Nothing is forbidden, everything is printed. Which is why his work has such universality to it. It’s the inside of his head, first, but it’s a representation of the inside of all our heads, too. If it’s true that our entire life flashes past us as we die, Araki’s oeuvre is perhaps an attempt to create that experience. (It’s not true, by the way, that our life flashes past us as we die. Studies of the ‘back-from-the-dead’ – ie those of us who have physically died but been reincarted by the powers of modern medicine – have found no evidence of it, anyway. Instead, perhaps, Araki’s entire life flashes past us as we die.)
There’s despair in his work, too – scarcely news to Araki himself. ‘After Yoko’s death I wanted to photograph nothing but life. However, each time I pressed the trigger, I closed on death, for if you photograph, then you stop time. I want to tell you one thing, and listen well: Photography is murder.’

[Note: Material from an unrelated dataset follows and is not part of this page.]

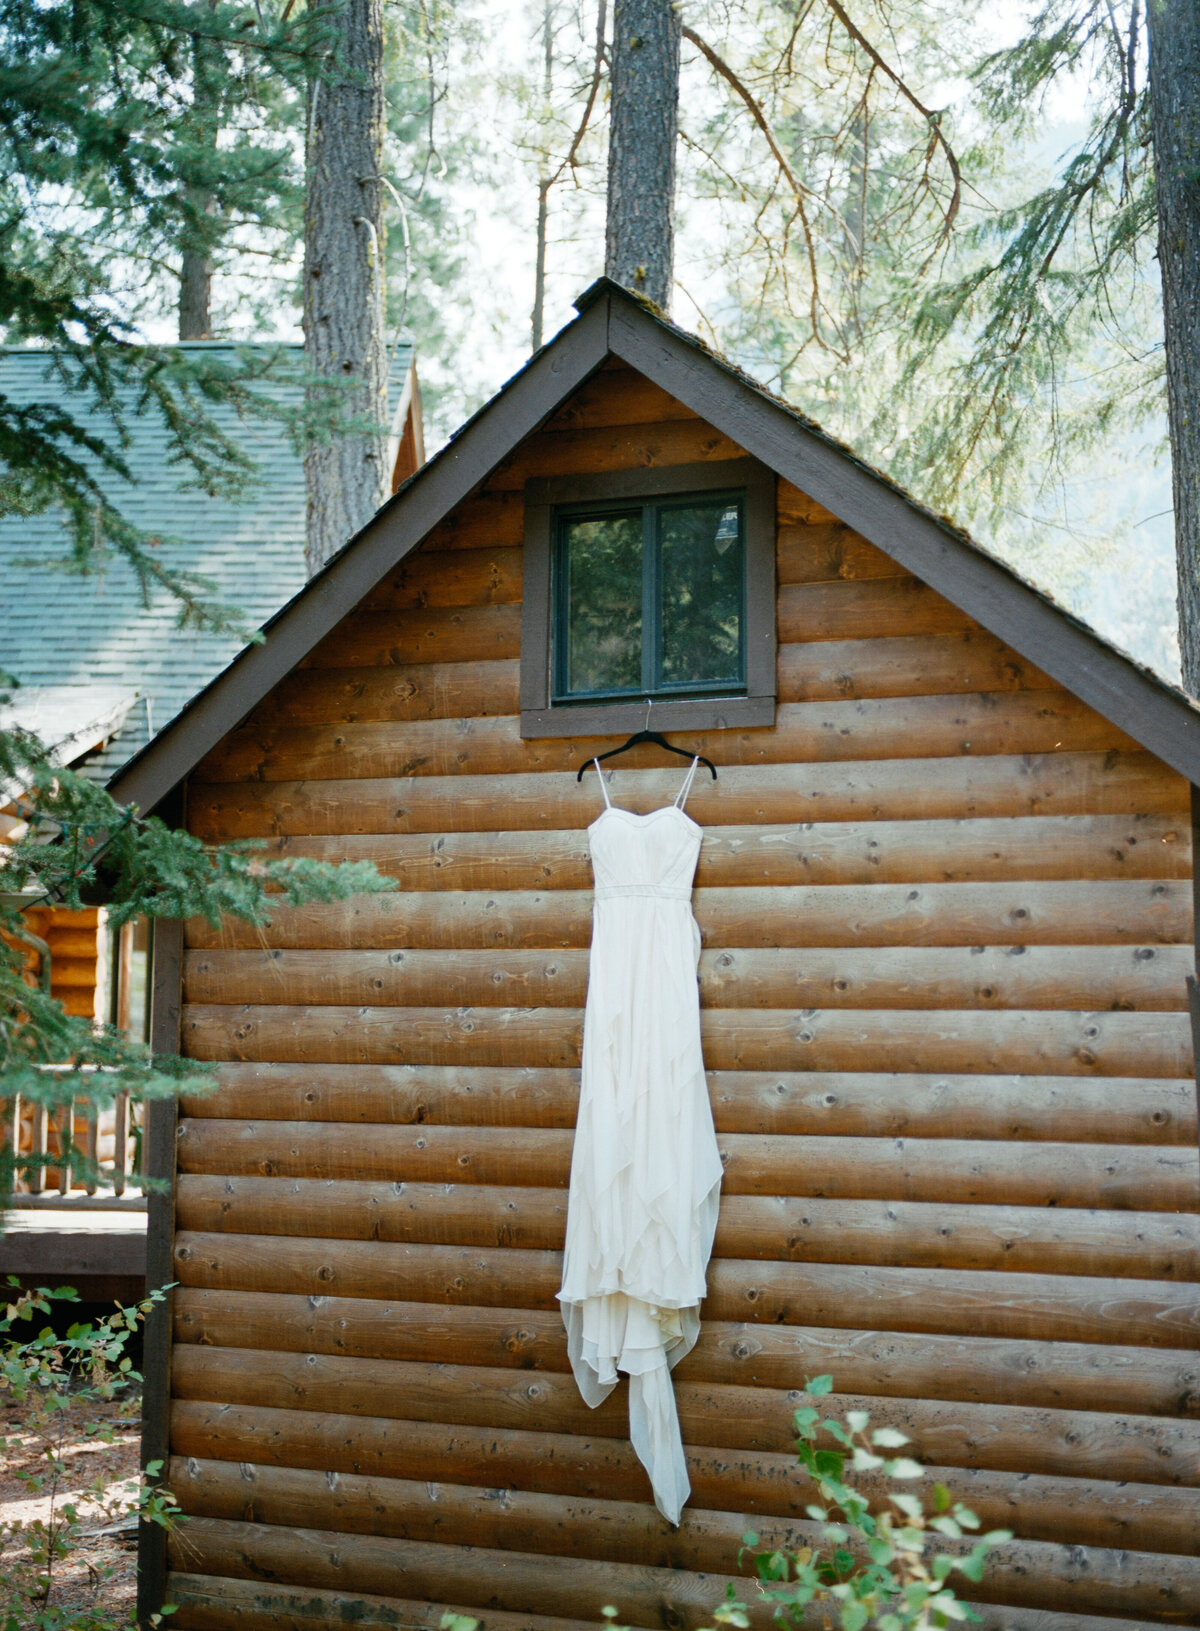 Brides wedding dress hung up on cabin

He has also often said, in various ways, that, for him sex and death are inseparable desires. It is, of course, his sex pictures that have gained most attention. To some, they are simply pornographic – as if that were necessarily a bad thing. Direct imagery, designed simply to arouse, is a Japanese staple. You see people – well, men – studying it on subway trains. You see it in the erotic images of Shunga, which are said to have been a significant influence on Araki. Probably the most famous Shunga print is Hokusai’s The Dream of the Fisherman’s Wife (1814), a woman having sex with a pair of octopuses. ‘Goood! Whew! Aah! Good, good, aaaaaaaaaah!’ reads part of the caption.’ So pornographic. So comic strip. So funny. So Araki.

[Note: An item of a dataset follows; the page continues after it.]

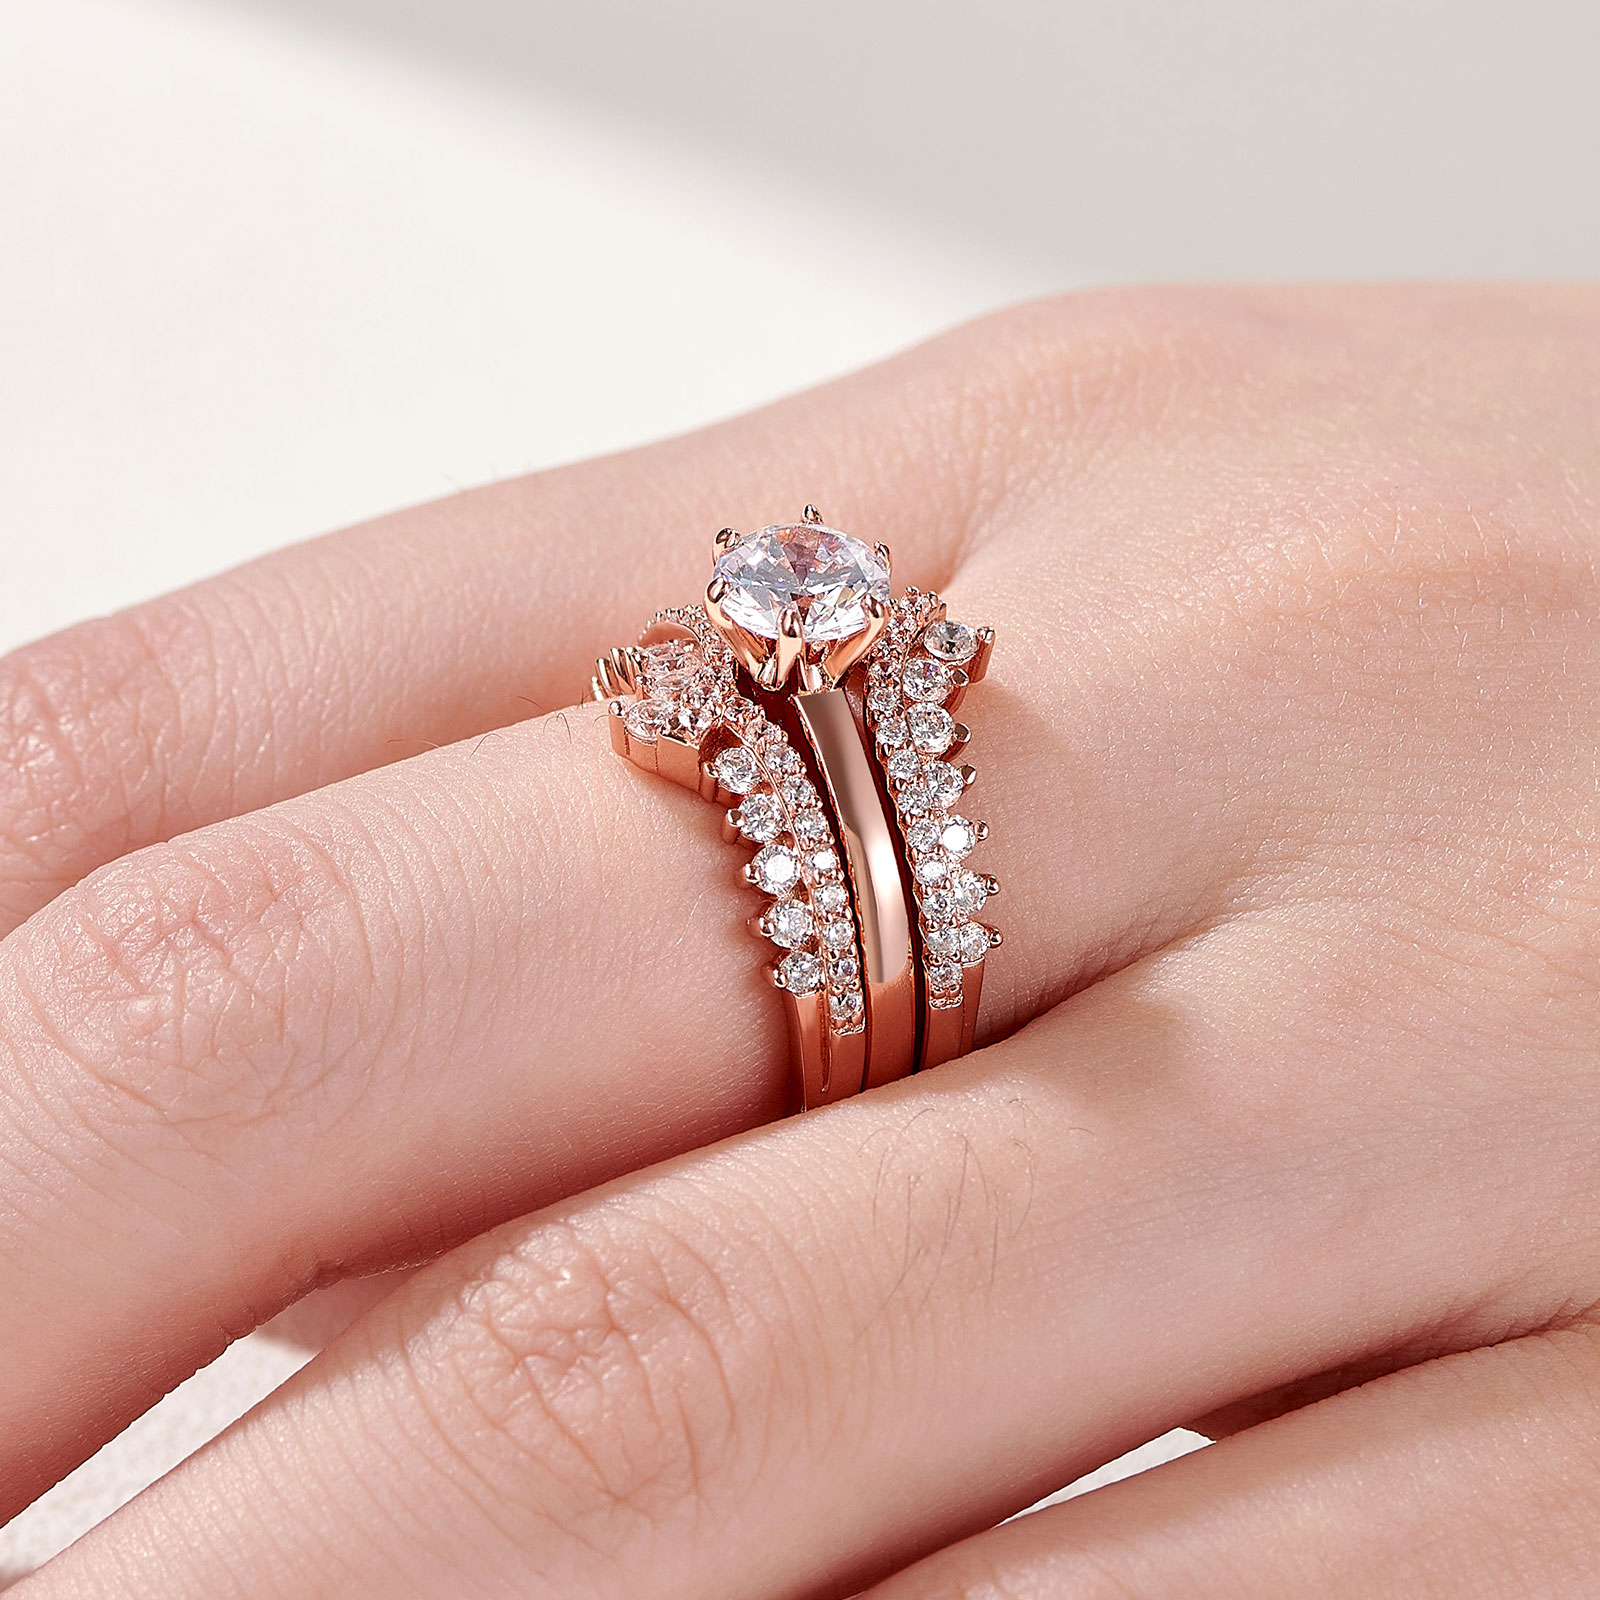 Newshe Wedding Rings for Women Engagement Ring Enhancer Band Bridal Set Sterling Silver 1.8Ct Cz Rose Gold Size 7.5 - image 5 of 7

His work has appeared in Japanese Playboy and the wonderfully titled S&M Sniper magazine. He’s made a porn film – neither Araki nor porno fans much liked it. And he’s made many, many pictures of young women trussed in ropes – the Japanese form of erotic bondage, kinbaku, which became widely popular during the 1950s, ie Araki’s teenhood.
That these pictures are not to be taken entirely at face value is perhaps indicated by the obvious fakeness of the blood. ‘I only tie up a woman’s body because I know I cannot tie up her heart,’ he said. ‘For Araki, faces are the real private parts,’ wrote Adrian Searle. ‘I don’t take photographs with my head,’ said Araki. ‘I take them with my dick.’
He has been fined for pornography but the fines have been small. He’s something of a god in Tokyo. He even has his own private karaoke bar in the city. It’s been used for fashion shoots for Nippon Vogue.